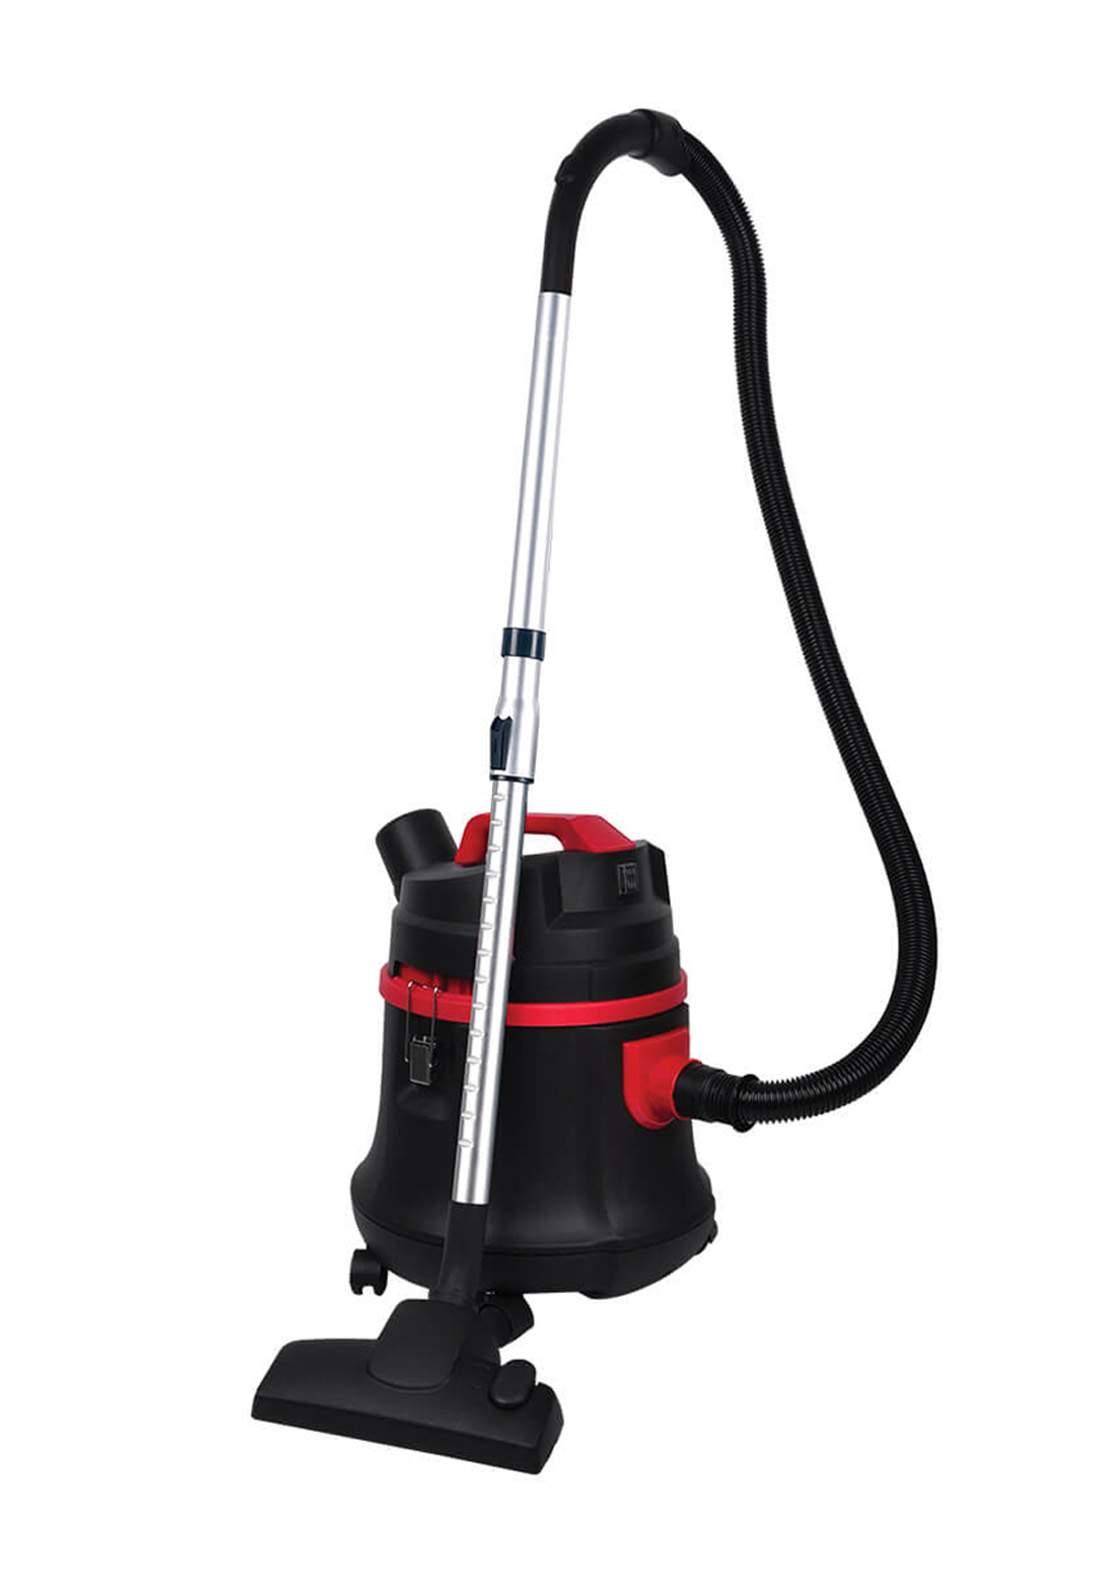 Beko ( VCW 30915 WR) Vacuum Cleaner Wet and Dry 1500 Watts 15 Liters - Black  مكنسة كهربائية
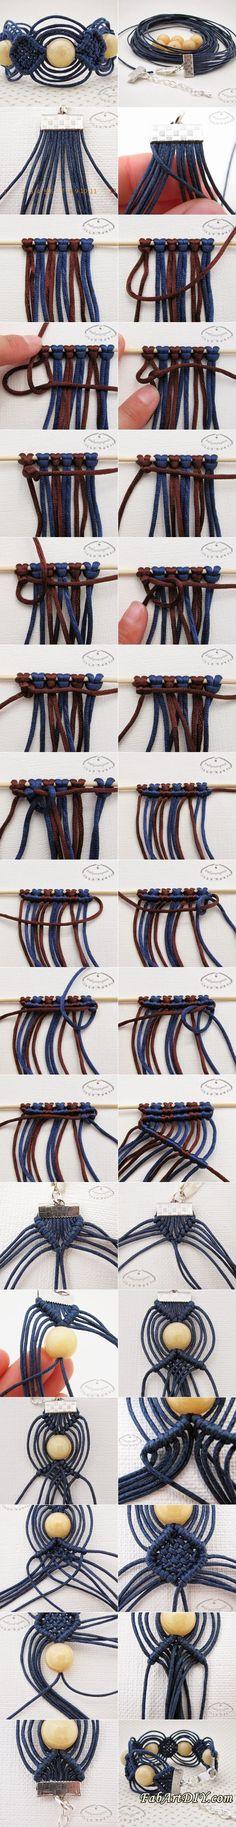 DIY Beaded Woven Bracelet | www.FabArtDIY.com LIKE Us on Facebook ==> https://www.facebook.com/FabArtDIY:
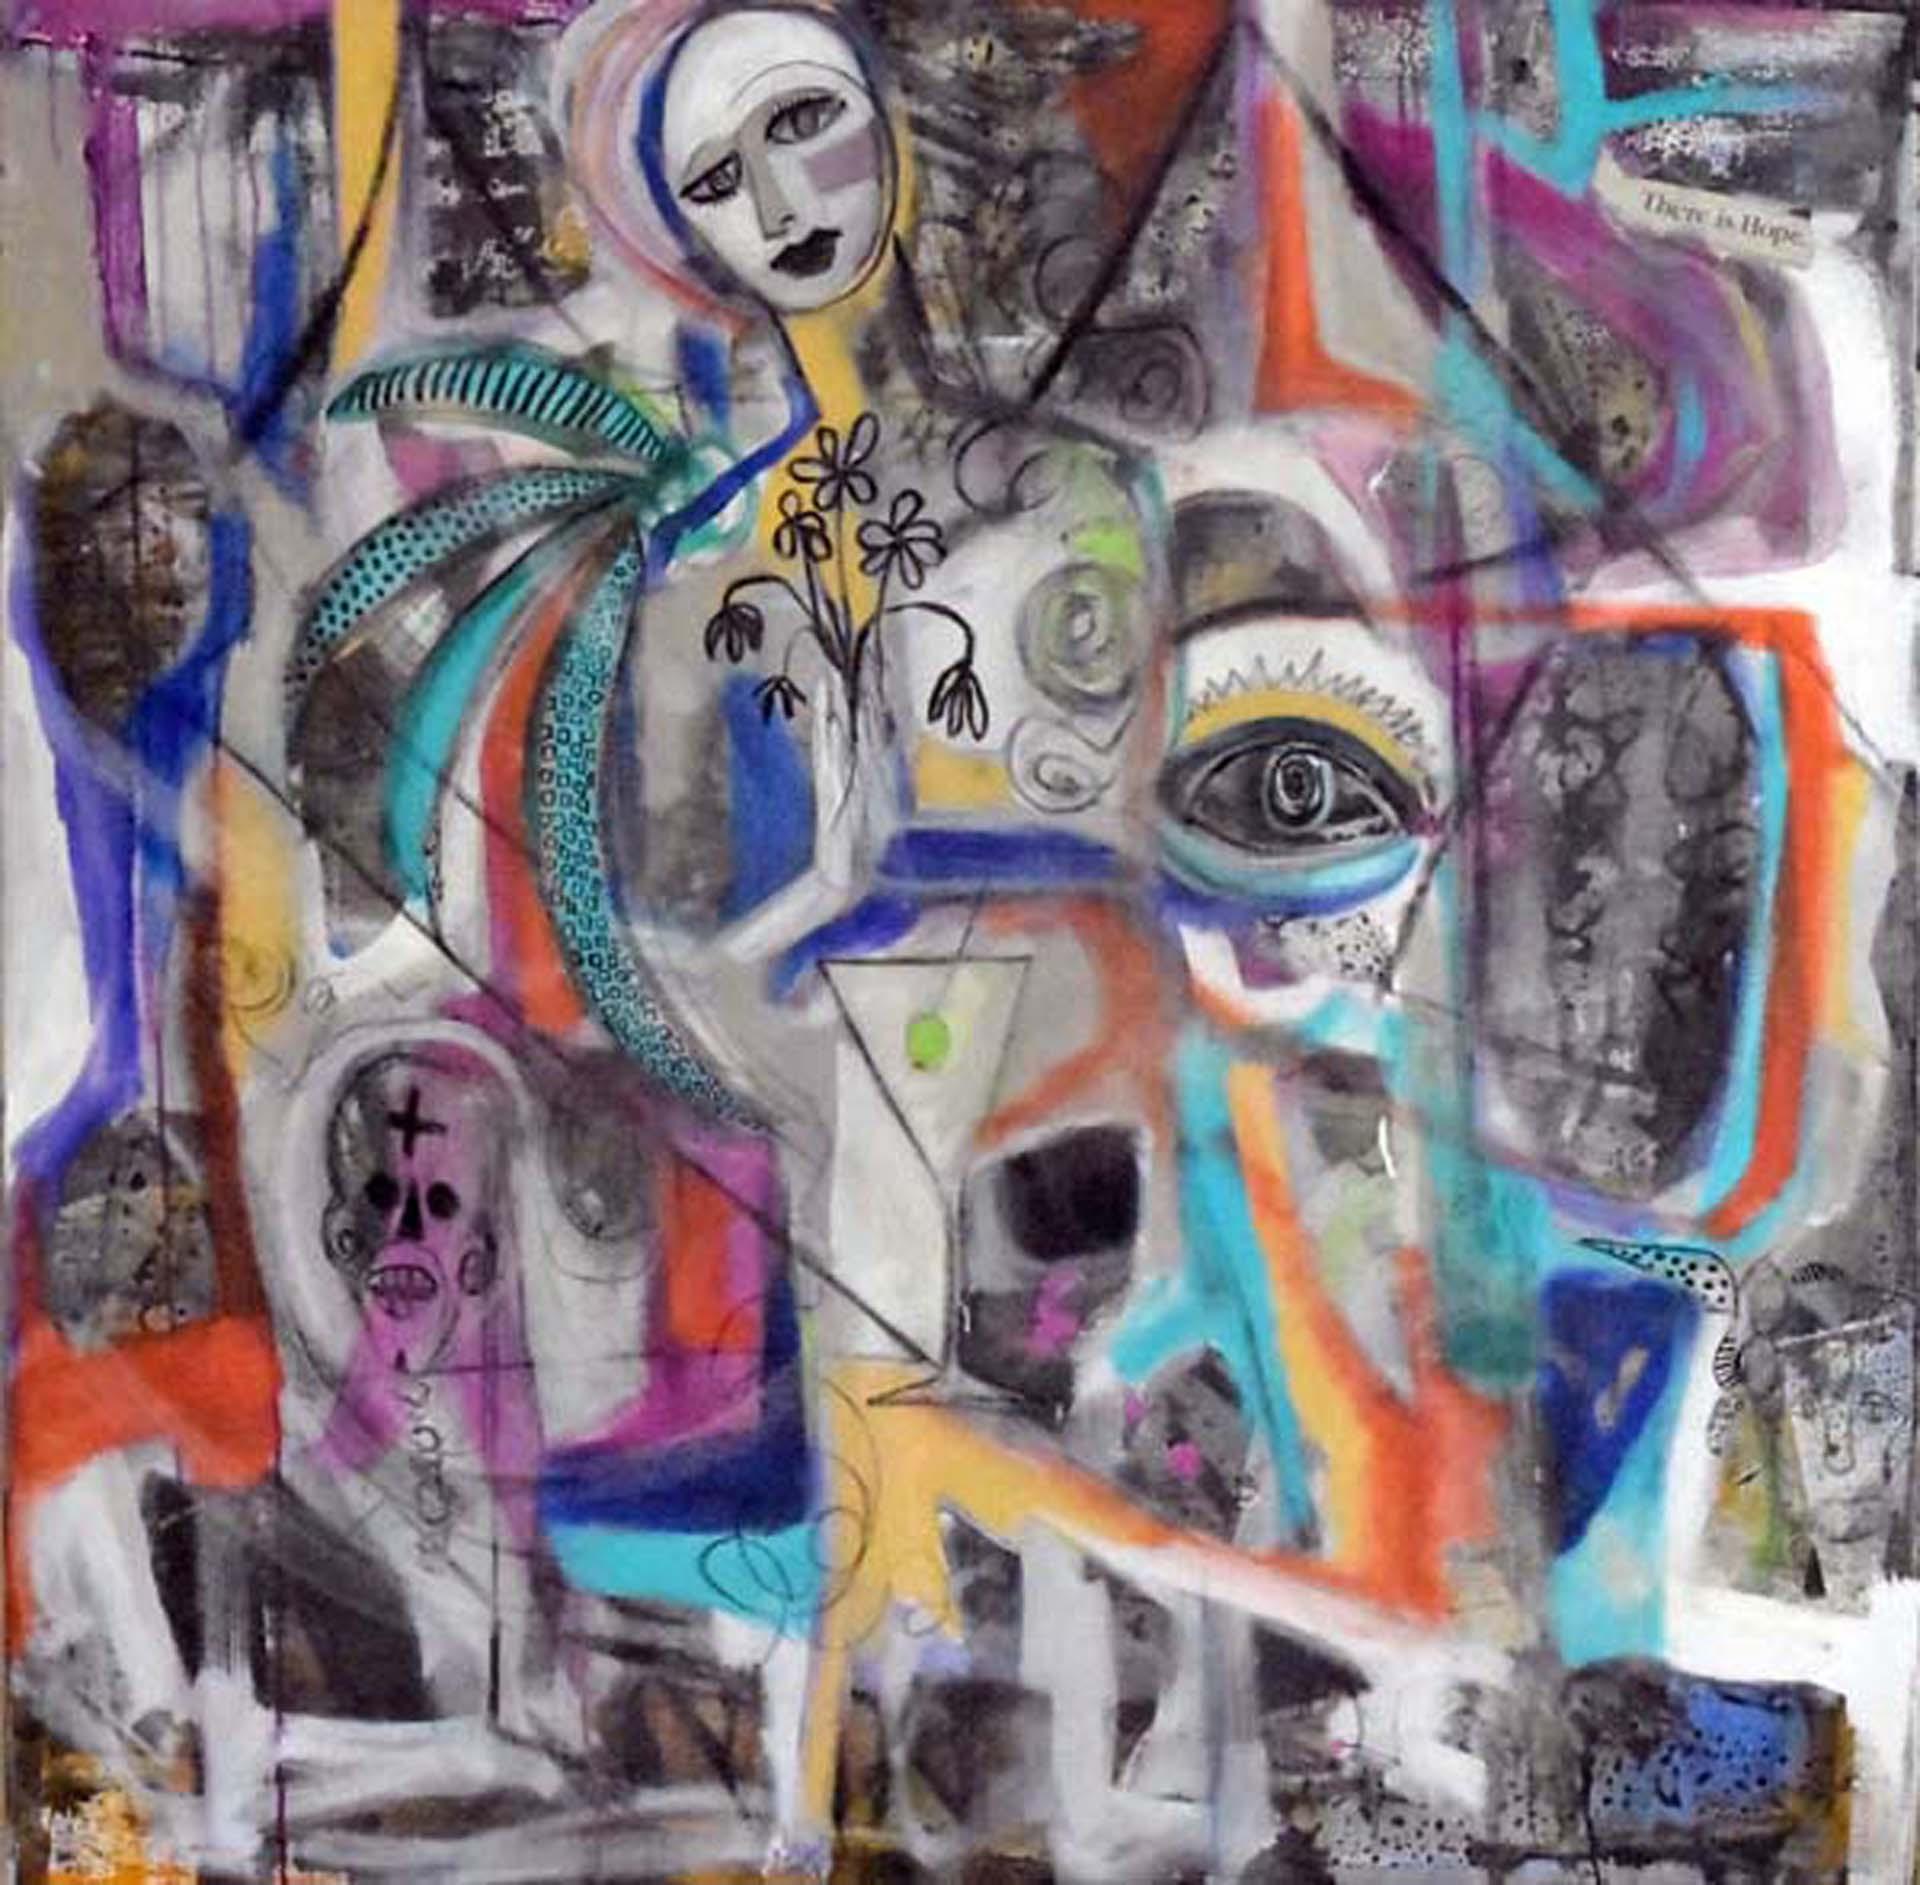 Deveuvealexis street art madonna 50 x50  mixed media on canvas abazdm
......
• [Description of the task]:
From the first line to the last, write out the data exactly, omitting any pictures.

• [Task solution]:
 Beko ( VCW 30915 WR) Vacuum Cleaner Wet and Dry 1500 Watts 15 Liters - Black  مكنسة كهربائية
 DIY Beaded Woven Bracelet | www.FabArtDIY.com LIKE Us on Facebook ==> https://www.facebook.com/FabArtDIY:
 Deveuvealexis street art madonna 50 x50  mixed media on canvas abazdm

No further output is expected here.